Старцев – как и предсказывал Костя – исчез.
В санатории появились хозяева – какие-то фирмачи из Москвы. Они представили коллективу нового директора. Впрочем, меня это уже не касалось. И моей подруги Машки тоже. Мы из санатория уволились.
Машка вернулась на свою прежнюю работу и уже снова клянет ее на чем свет стоит. Зато у нее (тьфу-тьфу-тьфу, чтоб не сглазить) налаживается личная жизнь. Она встречается с амбалом Кириллом, у которого, несмотря на гору мышц и крохотную голову, оказалось нежное сердце. Кирюха тоже больше не работает в санатории, но без труда устроился в единственное в нашем городке охранное агентство.

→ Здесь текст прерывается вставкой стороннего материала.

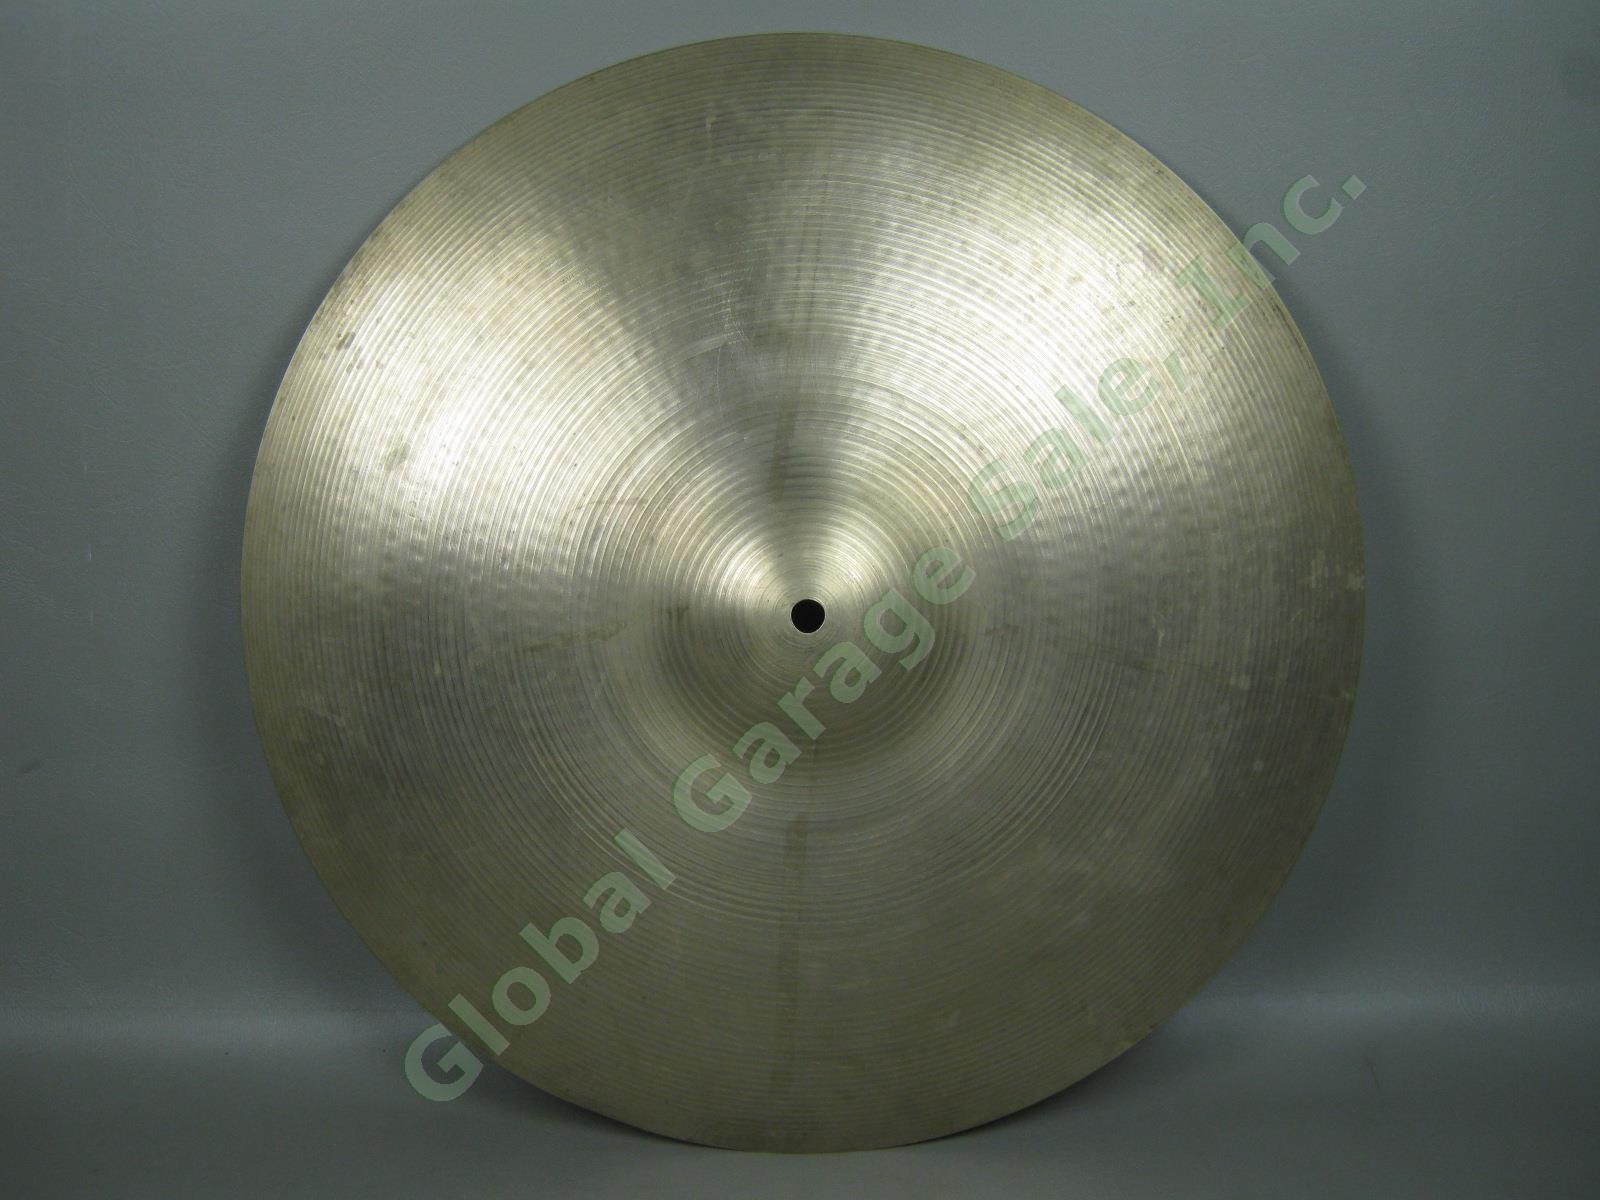 70s 18" Avedis Zildjian Genuine Turkish Crash Ride Cymbal Made In USA 1587 Grams

Константин позаботился о том, чтобы отставнику Рычкову в нашей райбольнице организовали хорошее лечение и уход.
Я навестила своего воздыхателя в стационаре. Он, конечно, сдал, но держался молодцом. Мы с ним даже погуляли немного по больничному парку, и он вел меня под руку. Больше всего Петра Архиповича волновало: когда врачи разрешат ему смотреть футбол.
Моя мама, пережившая похищение, а затем счастливое возвращение внука, стала настолько трепетно к нему относиться, что не отходит от него ни на шаг. Максимка чувствует повышенное внимание к собственной персоне и начинает потихоньку наглеть. Придется мне, когда я вернусь (или, может быть, заберу его из Кирсановки), срочно заняться его воспитанием.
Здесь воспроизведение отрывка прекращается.